Using regexp can achieve what you want, however, your query will be inefficient, since it cannot rely on any indexes.

If you want to store a list of words and their position within the array does not matter, then you may consider storing them in a single field, space delimited. But instead of using a regexp, use fulltext indexing and searching. This method has a clear advantage over searching with regexp: it uses an index. It has some drawbacks as well: there is a stopword list (these are excluded from searching) and there is a minimum word length as well. The good news is that these parameters are configurable. Also, you get all the drawbacks of storing data in a delimited field, as detailed in Is storing a delimited list in a database column really that bad? question here on SO.

However, if you want to use dictionaries (key - value pairs) or the position within the list may be important, then the above data structure will not do.

In this case, I would consider if mysql is the right choice for storing my data in the first place. If you have multi-dimensional lists, or lists containing lists, then I would definitely choose a different nosql solution.

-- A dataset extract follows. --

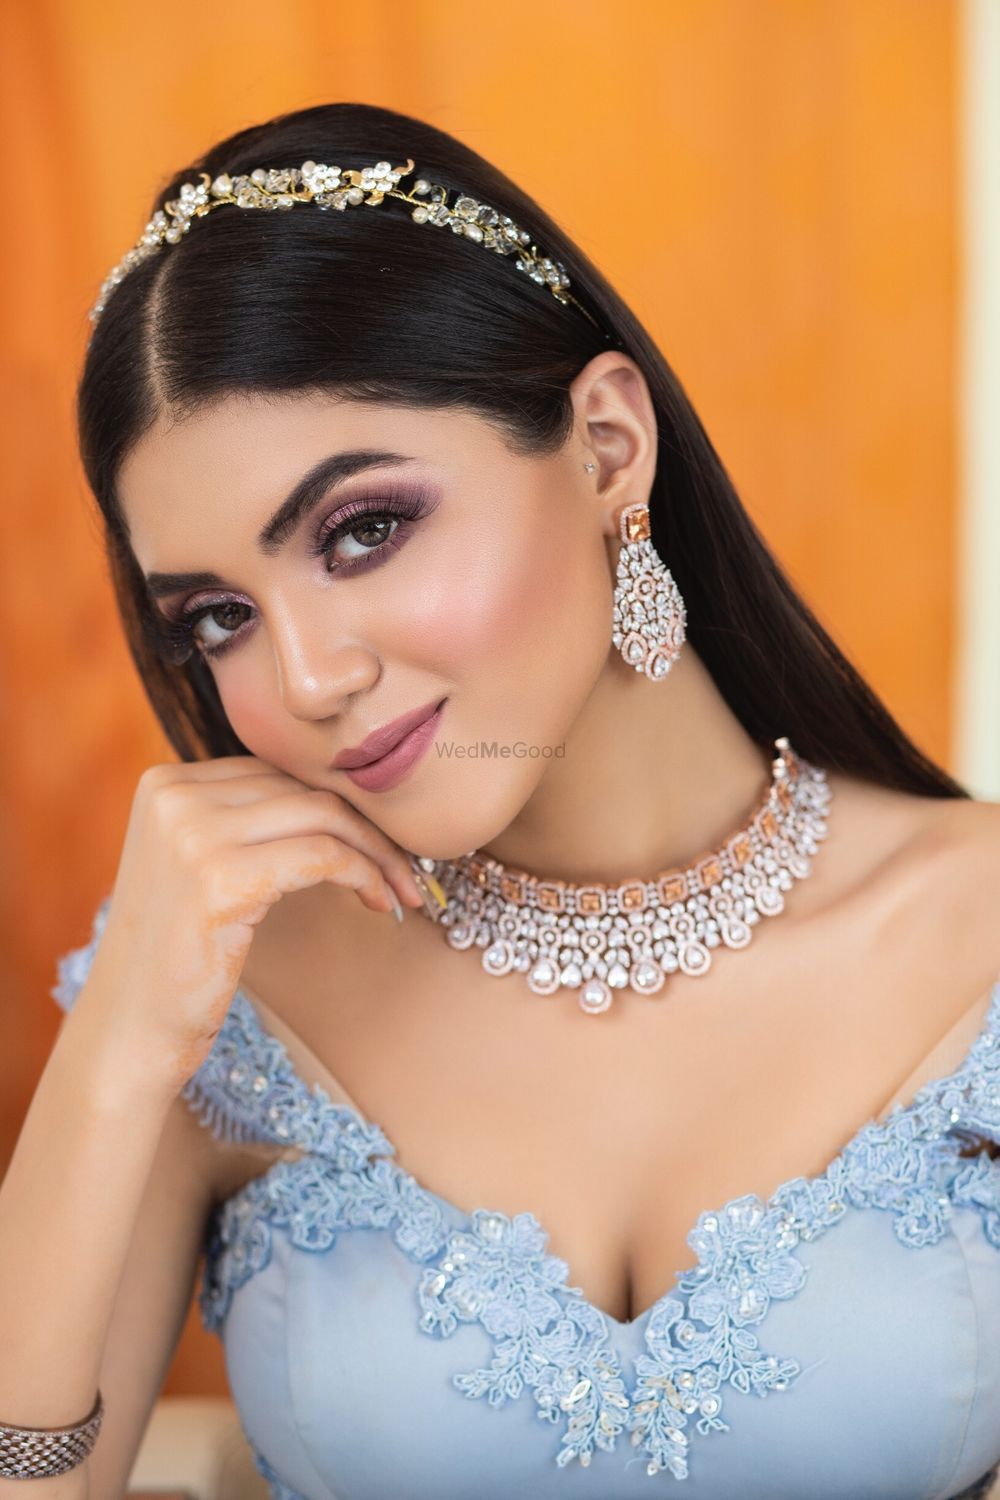 Photo of A beautiful bride in subtle makeup and jewellery on her engagement.

If you only need simple, two-dimensional lists / dictionaries, then you can store all of them in a single table with a similar structure as below:

list_id - unique identifier of the list, primary key
user_id - id of the user the list belongs to
key - for dictionaries this is the lookup field (indexed), for other lists it may store the position of the element. String data type.
value - the field holding the value (indexed). Data type should be string, so that it could hold different data types as well.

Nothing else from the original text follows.